- **WHAT NEEDS TO BE DONE**: Set down each line of the material that follows exactly, and leave its pictures out.

- **DATA PROVIDED**:
##########

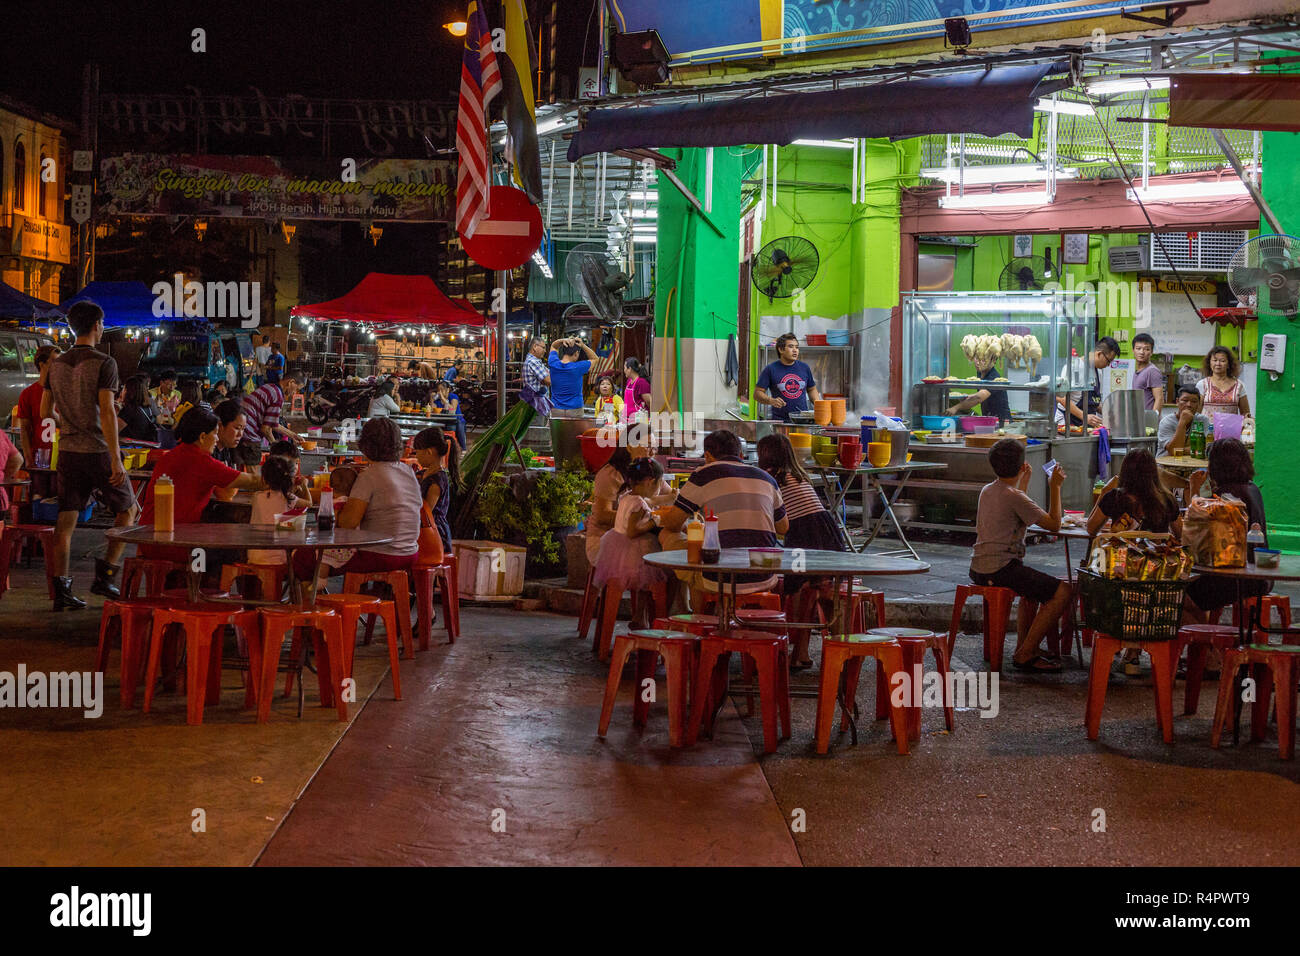 Famiglie cenare all'aperto durante la notte in un cafè sul marciapiede, Ipoh, Malaysia. Foto Stock
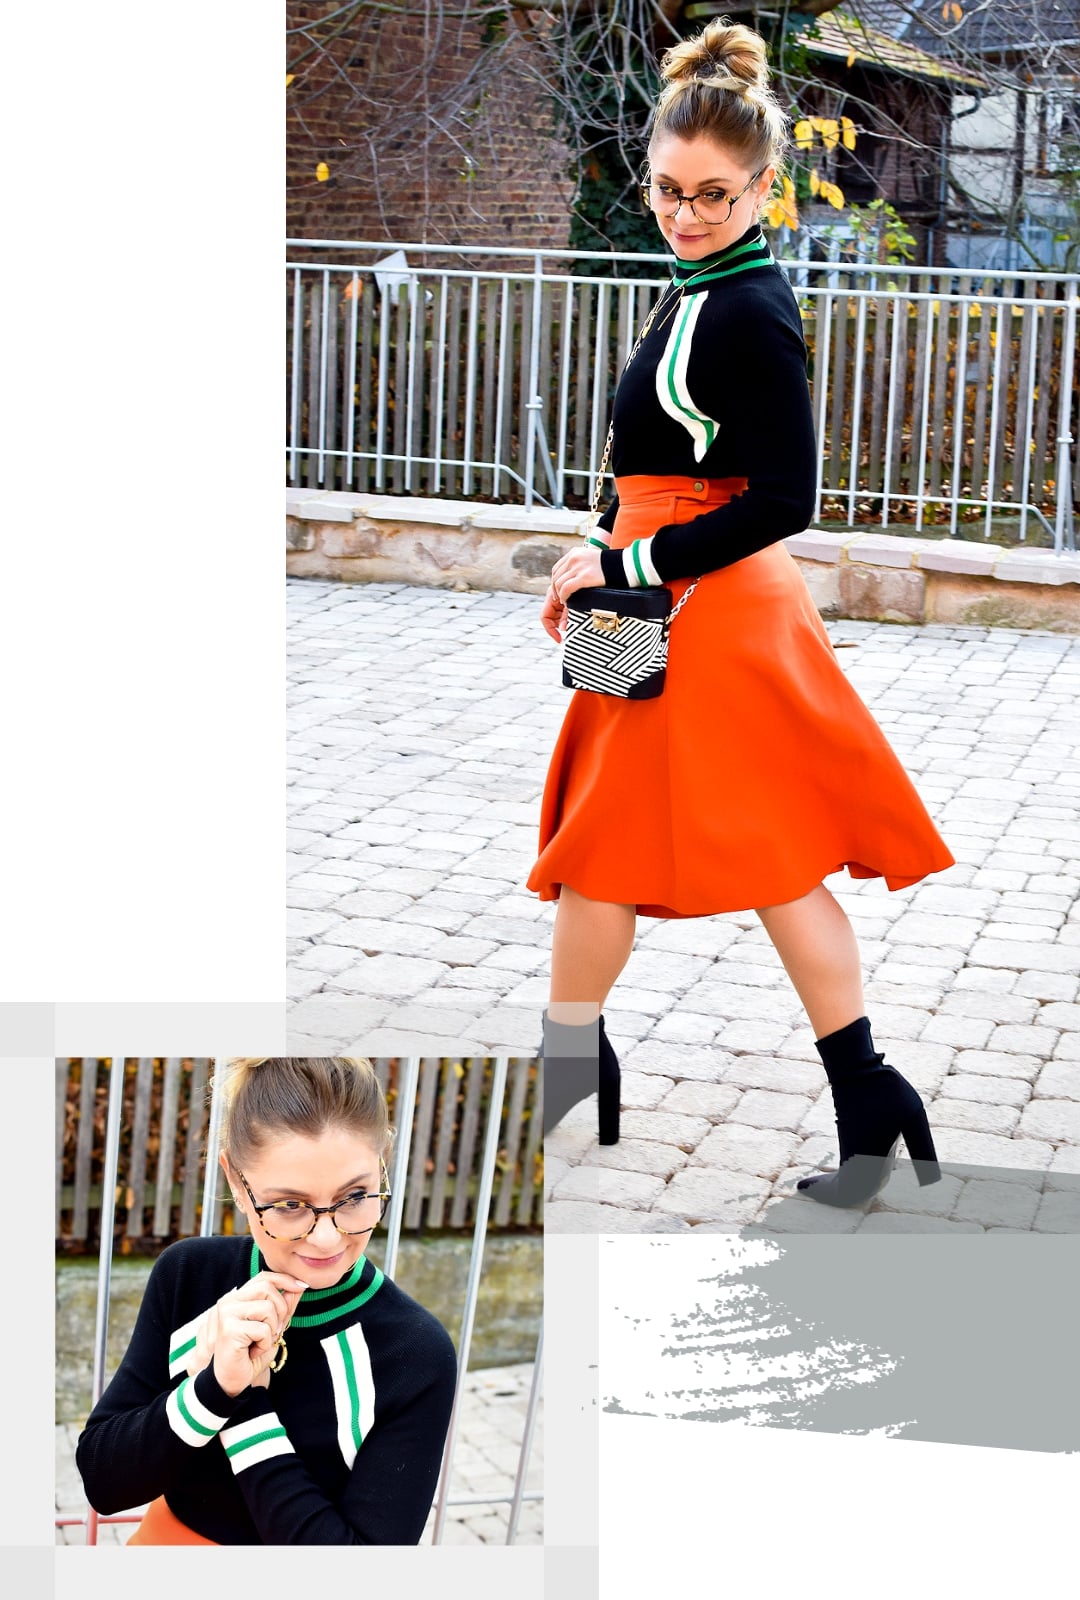 Welche Farben passen zu Orange? Wie style ich Orange? Modeblogger Tipps
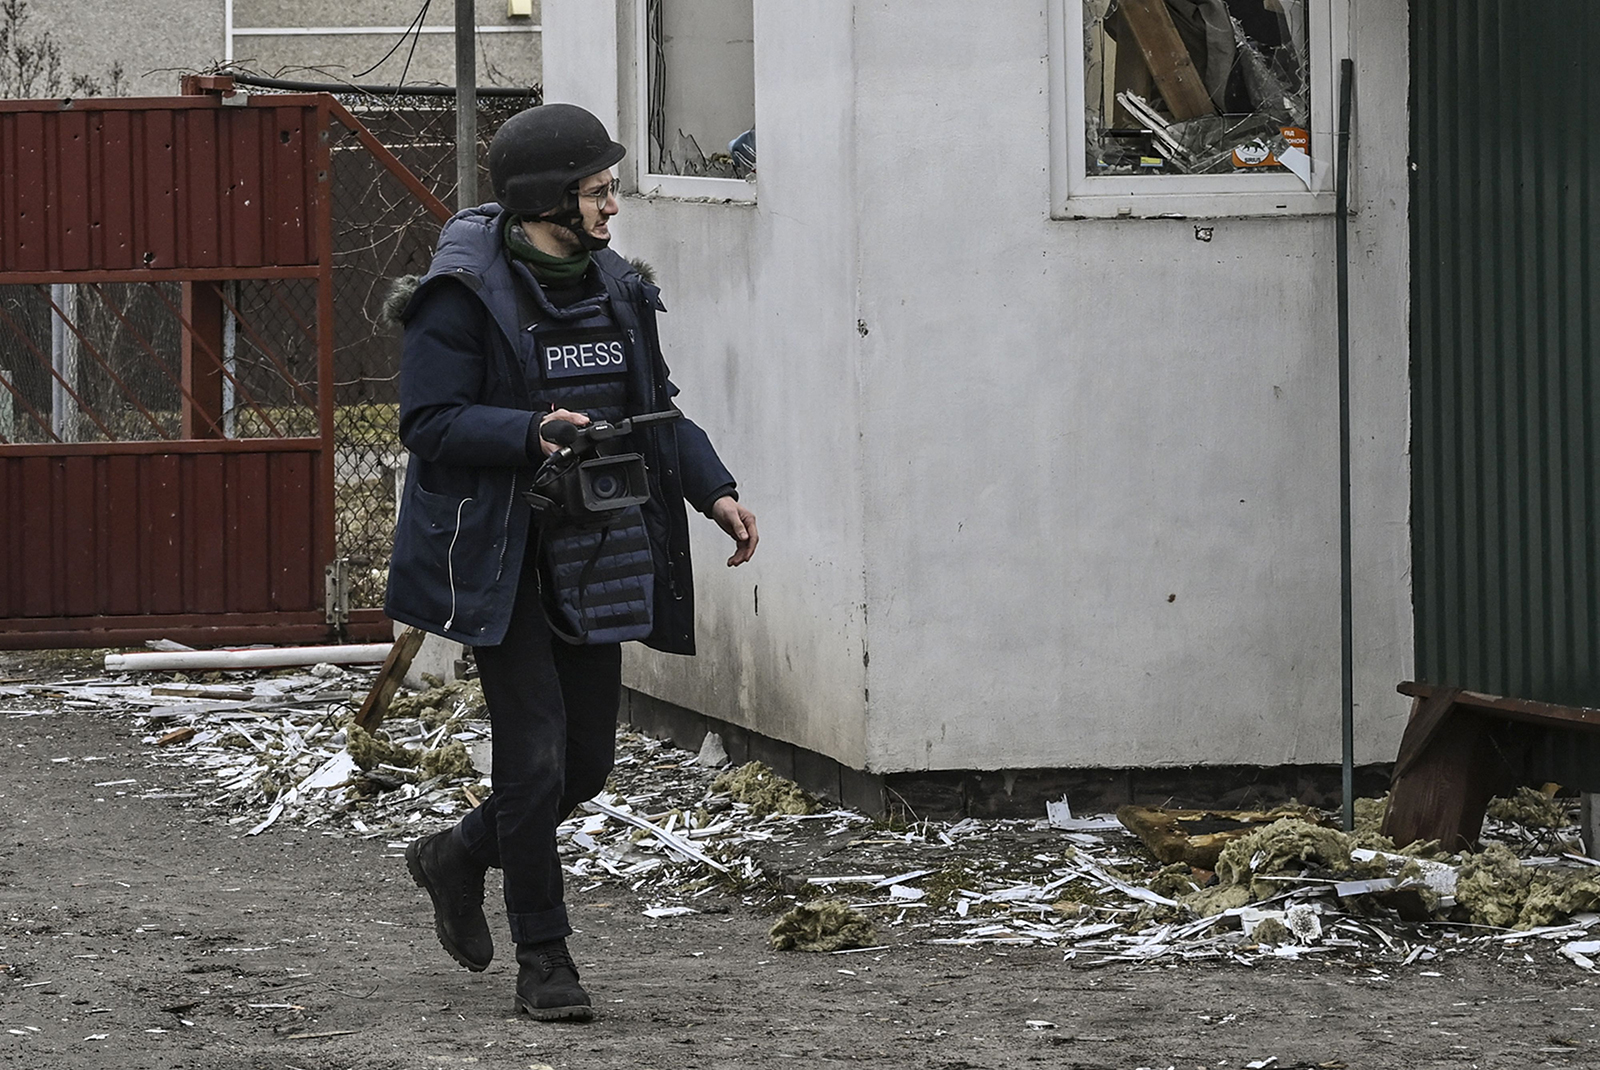 Arman Soldin camina por un pueblo después de un bombardeo en Ucrania el 3 de marzo de 2022.

##########

- **RESPONSE**:
 Famiglie cenare all'aperto durante la notte in un cafè sul marciapiede, Ipoh, Malaysia. Foto Stock
 Welche Farben passen zu Orange? Wie style ich Orange? Modeblogger Tipps
 Arman Soldin camina por un pueblo después de un bombardeo en Ucrania el 3 de marzo de 2022.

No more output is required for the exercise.